8月のクアラルンプールは雨期のまっただ中です
雨期とはいっても始終雨が降る訳ではありません。日中はおだやかに晴れ,夕方にスコールがやってきます。湿度はやっぱり高いですが,体感気温は日本より涼しい位です。
時間になると街の何処からかコーランの祈りの声が聞こえてきます。何処からといいますか,至る所のスピーカーから大音声で鳴り響くのですが。
そんなクアラルンプールの中心部,プトラ国際貿易センター (PWTC) 駅のすぐ目の前,高級ホテルも入口が工事中で残念な Seri Pacific Hotelで第4回アジア野生動物医学会は開催されました。
ホストは UPM (University Putra Malaysia),マレーシア獣医学会 (Veterinary Association Malaysia; VAM) との共同開催です。
セッション Non-human Primates
東南アジアの人は冷房が大好きです。例に漏れず冷気冴え渡るNon-human Primatesの会場で,しかしディスカッションは熱く繰り広げられました。
準備された5題の中の3題は日本から,しかも全てSPDP会員でした。
◆予防衛生協会の片貝祐子さんは三日熱マラリアのヨザル感染実験で,発熱やサルの活動性と原虫の成長サイクルとの関連性を見事に考察していました。
◆後藤俊二さんは ニホンザルの骨髄性白血病症例を報告しました。病変は胸腔,腹腔内に多発性に認められ,その特徴的な増殖様式と腫瘍細胞のMyeloperoxidase 陽性所見から診断を下していらっしゃいました。これまで7例の報告があるのみで,会場からの質問にもありましたが,遺伝的な背景について興味が持たれます。
◆酪農学園大学の浅川満彦さんは,日本国内の施設で飼育されていたカニクイザルから検出された寄生虫を数例ご紹介下さいました。しかも2007年以降の事例です。
見つかった寄生虫は,条虫,肺吸虫,腸結節虫,糸状虫,舌虫でした。
腸結節虫が典型例である様に,多くの場合寄生虫は宿主に対して顕著な健康被害を与えるものではありませんが,これが研究用サルともなると免疫状態の変化を介して実験結果を左右しかねません。有効な駆虫薬が市販されていますので,検疫の時にしっかり見つけて駆除したいものです。
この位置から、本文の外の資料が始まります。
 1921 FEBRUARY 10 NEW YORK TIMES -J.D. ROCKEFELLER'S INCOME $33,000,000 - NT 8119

◆台湾の 国立屏東科技大学から台湾ザルで3例も発生したギラン-バレー症候群 (疑い例)の報告がありました。サルでは後躯麻痺が特徴的に顕われ,脳脊髄液の高タンパク含量と病理で末梢神経の脱髄所見が認められればこの病気を考える必要があります。なお報告された3例はいずれも雄でした。
◆香港 Ocean Park Corporation のP. Martelliさんはマカクサルの繁殖コントロールに内視鏡による卵管摘除が有効であることを報告しました。雌を対象とした方が効果が確実な事,卵巣摘出に比較してサルへの生理的な影響がはるかに小さい事,従来の外科手術法に較べて侵襲が極めて小さい事がこの方法のメリットです。
アジアはサルのふるさとの一つです
野生動物の中でもサル類は数多くの研究や観察の対象となっています。
また,野生サルで見られる多くの疾病は実験用サルにも発生する危険があります。
これまでこの学会でサルのセッションを設けてきたことにより,日本国内では得られない多くの情報を手に入れ,海外のたくさんのサルのプロたちと交流を拡げてくることができました。
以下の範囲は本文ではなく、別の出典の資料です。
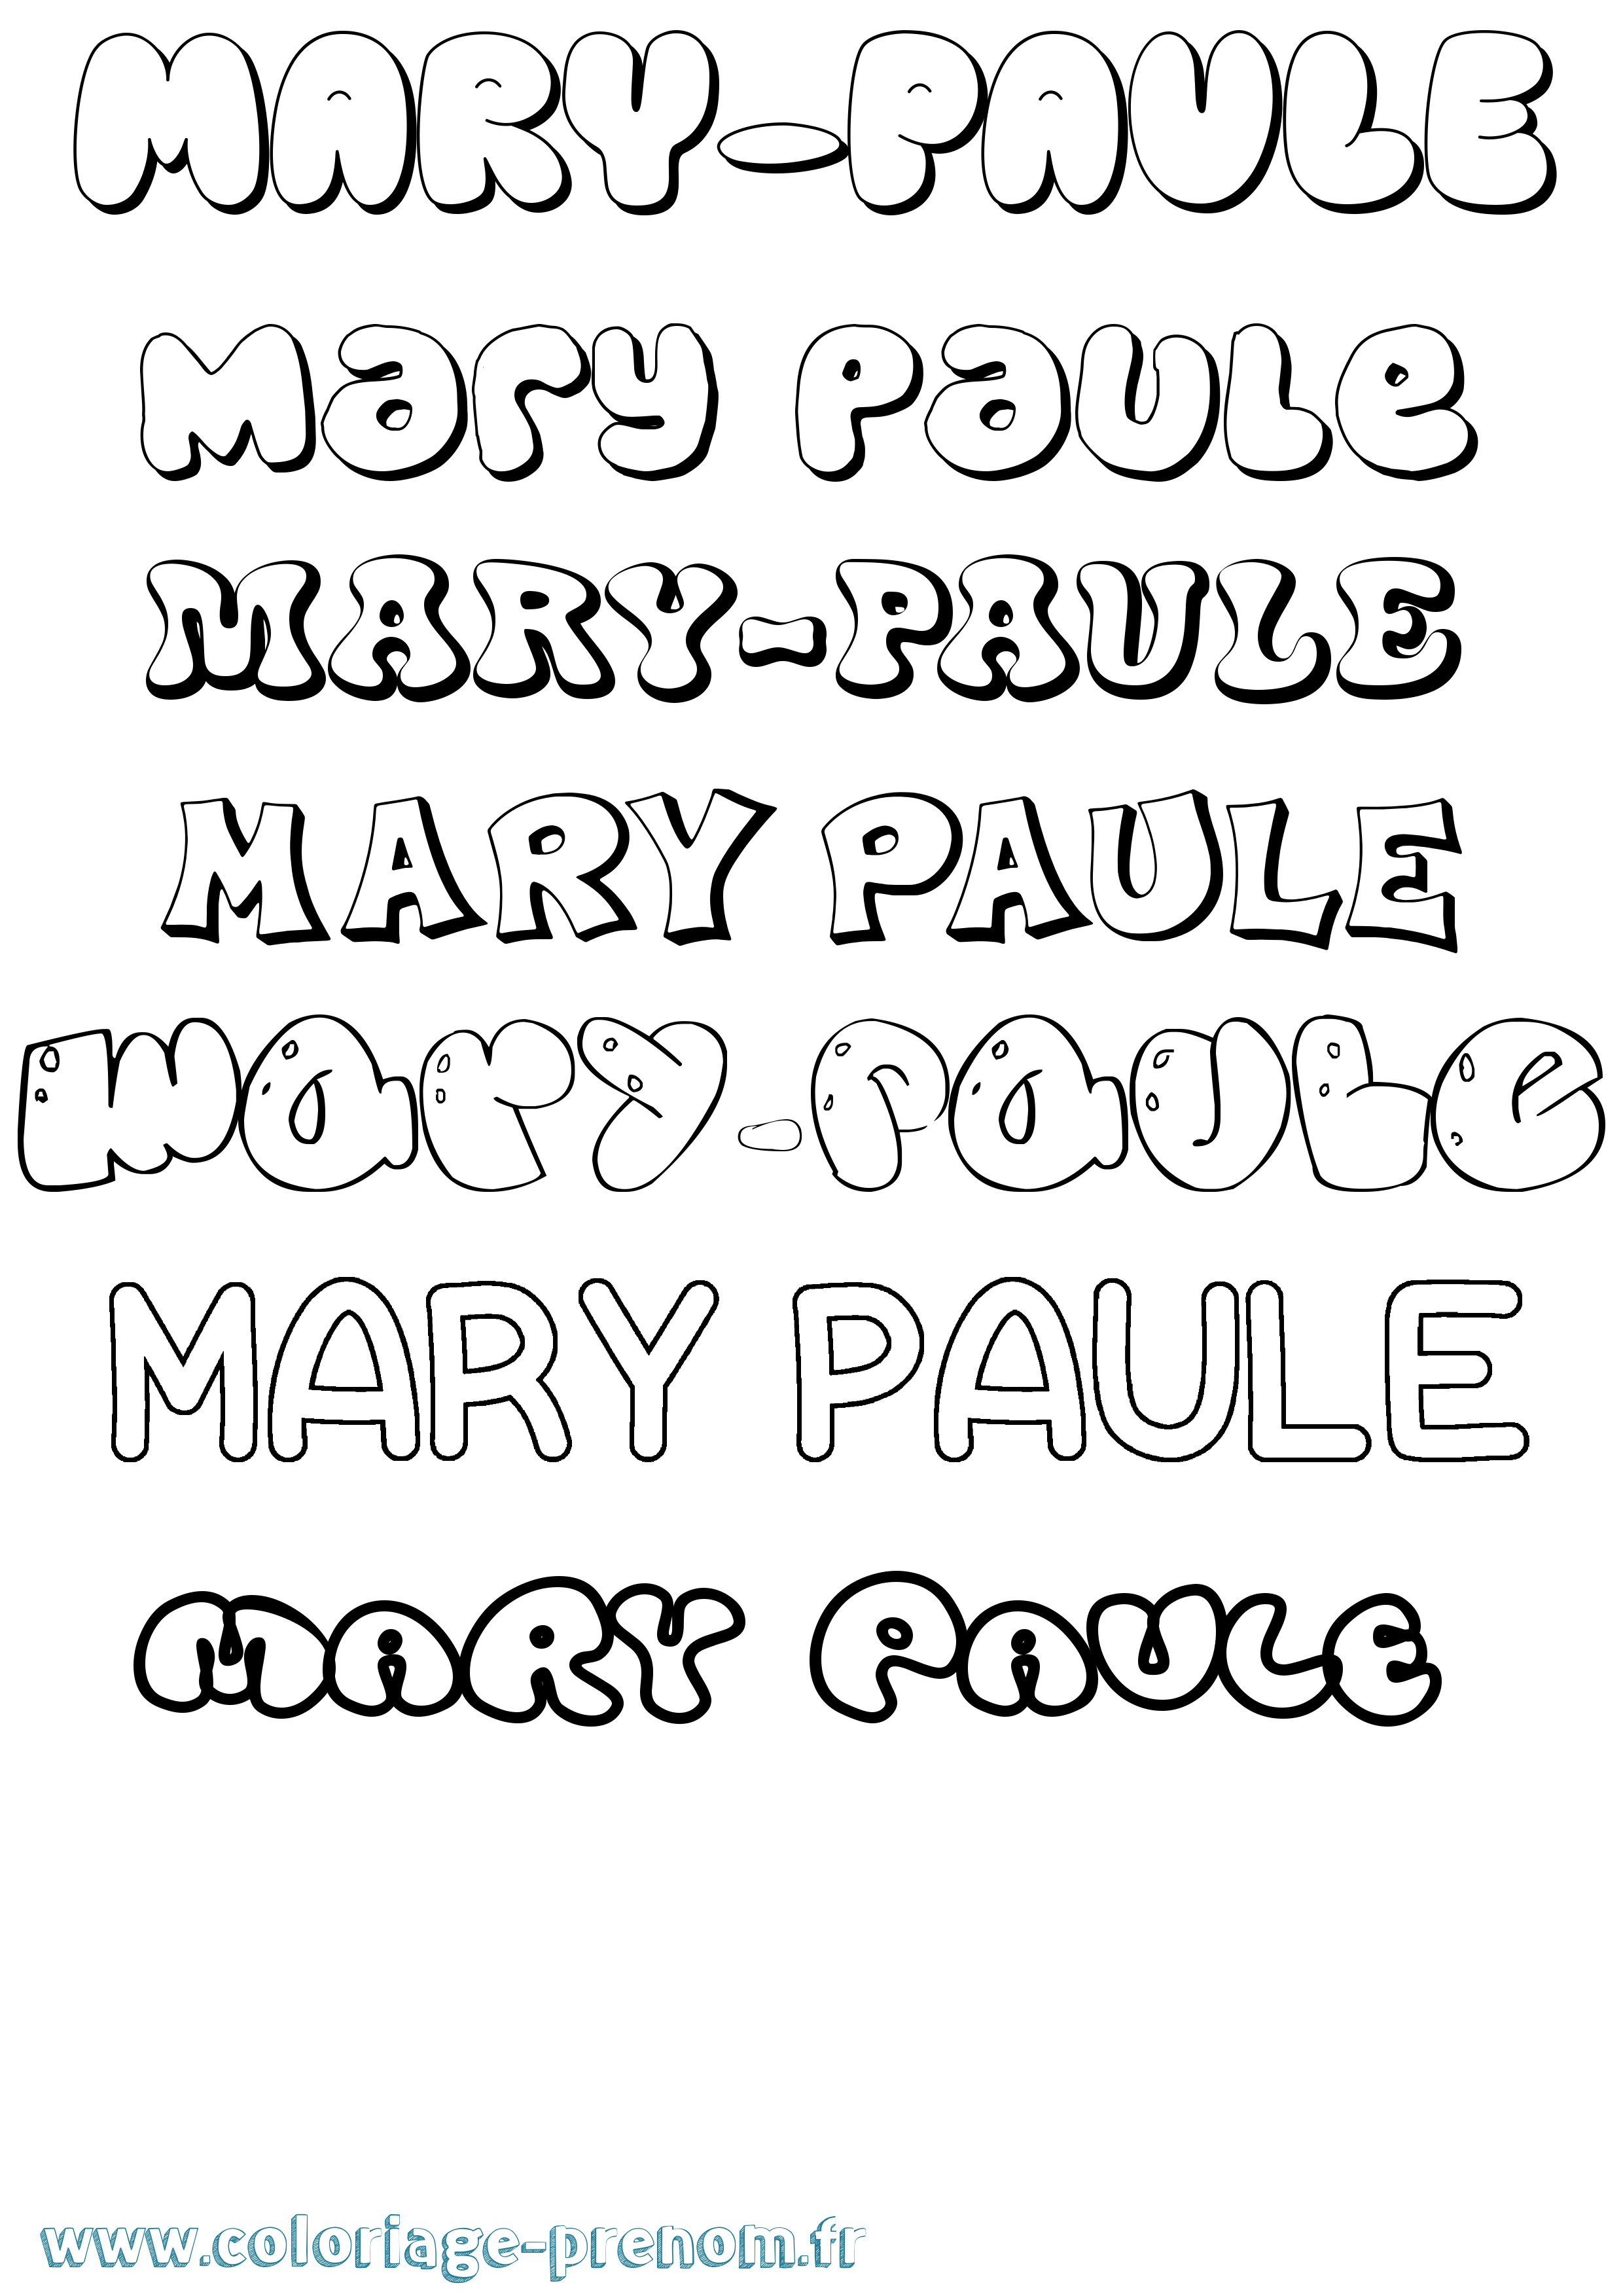 Coloriage prénom Mary-Paule Bubble

SPDPによるこの学会への援助は今年で一つの節目を迎えましたが,来年以降も何らかの形で協力をして行きたいと考えています。そしてSPDPのネットワークをさらに海外へ拡げたいと思います。
ネットワークといえば
アジアの経済発展には目を見張るものがありますが,その裏腹で動物たちの暮らす自然環境は人為的に変わってゆきます。実はヒト社会の経済的活性化と人獣共通感染症の発生は無関係ではないのです。SARS,高病原性インフルエンザ,エボラ出血熱やマールブルグ病もその発生や拡大の過程にヒトの活動が関わっています。
One World, One Healthの概念のもと,世界はその意思を一つにして悪化する事態に取り組まねばなりません。それにはまずアジアで最前線に立つ獣医師のネットワークづくりが必要です。今回の集会では,そのブレインストーミング会議がありました。
ネットワークづくりの協議は今後も継続されますので,新たに情報が入ったらお知らせします。
◆SPDPはサル関連の情報の中心を担うべく結成された研究会です。
皆様からの情報はどんな小さなものでも結構です。ぜひSPDPへお知らせ下さい。
そして次の集会は
2011年は第4回アジア野生動物保全ワークショップの開催となります。
場所: ネパール
主催者代表: Dr. I.P. Dhakal
Institute of Agriculture and Animal Science, Tribhuvan University
ヒマラヤの麓でお会いしましょう。